Employer’s Subrogation Upheld Despite Contract Recovery Argument
Employer’s Subrogation Upheld
Despite Contract Recovery Argument
Clyde Kennedy v. WCAB (Henry Modell & Co., Inc.),
No. 1649 C.D. 2012 (Opinion filed 8/01/13)
Despite strenuous efforts by the Claimant to defeat a compensation lien; the Commonwealth Court upheld the employer’s subrogation entitlement.
The Claimant, Clyde Kennedy, was injured in 1989. He was working by a conveyor belt, the operation of which caused a severe injury to his right hand. The injury was accepted as compensable, and Claimant was paid wage loss and medical benefits.
Claimant sued the manufacturer of the conveyor belt, an entity called Keystone Spray Equipment, Inc. Claimant’s counsel informed the employer of the pendency of this action, and agreed to protect employer’s subrogation in the event of a recovery.
The civil action was filed in Philadelphia Common Pleas Court, under theories of negligence, breach of warranties and strict tort liability. Keystone was insured by Regis Insurance Company, but the carrier refused to defend, claiming a “products hazard” exclusion in the policy.

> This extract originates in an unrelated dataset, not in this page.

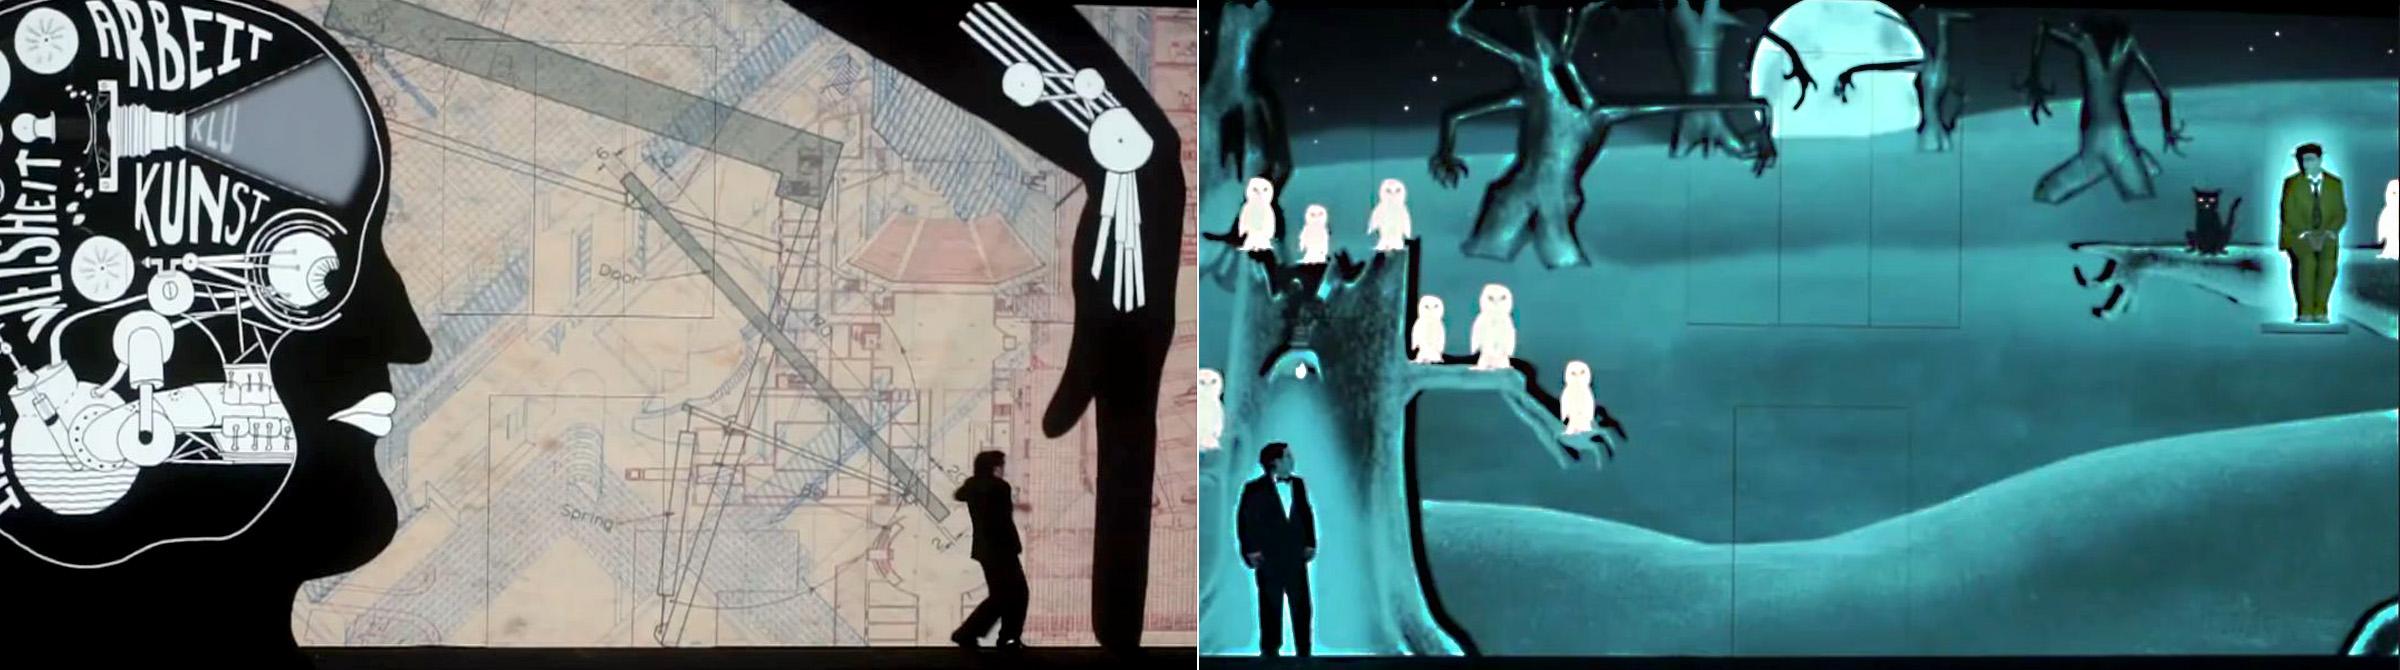 Fotogramas del vídeo promocional.

This was a problem for the plaintiff, because the manufacturer was insolvent and could not independently pay any judgment or settlement, and evidently lacked the means even to maintain an action against its insurer.
Undeterred, however, Claimant’s counsel obtained a stipulated “consent judgment” against the manufacturer for over $426,000.00. The manufacturer stipulated, among other things, to negligence in the manufacture and installation of the conveyor belt. In lieu of trying to execute against the insolvent manufacturer, Claimant took an assignment of any rights the manufacturer had to seek indemnification from the carrier, Regis.
Claimant then filed suit against Regis under a breach of contract and bad faith theories, and obtained a judgment equal to the previously stipulated $426,000.00.
At that point, the Employer advised claimant’s attorney that its lien was slightly in excess of $81,000.00. Receiving no response, Employer filed a (workers’ compensation) petition for Review. Claimant defended under the theory that Employer had no subrogation rights because fund recovered did not arise from the negligence of any third party that caused the original work injury. Rather, the actual cash recovery obtained was under a breach of contract theory.
The WC Judge and the Appeal Board did not buy this argument, so Claimant went to the Commonwealth Court.
In affirming, the Commonwealth essentially found that, while the ultimate recovery was indeed premised on a theory of the liability insurer’s breach of its contractual obligation to the original defendant manufacturer; the genesis of this recovery was, in fact, the (stipulated) negligence of the manufacturer, which was the direct cause of Claimant’s original work injury.
Claimant’s analogies to the limitations on employer subrogation in medical malpractice and uninsured motorist recoveries were dismissed as inapposite.
The Claimant himself had no independent rights against Regis stemming from its refusal to defend and indemnify Keystone. He merely stepped into the shoes of Keystone as an assignee to pursue indemnification because Keystone could not. His recovery was based on the original tort claim against Keystone.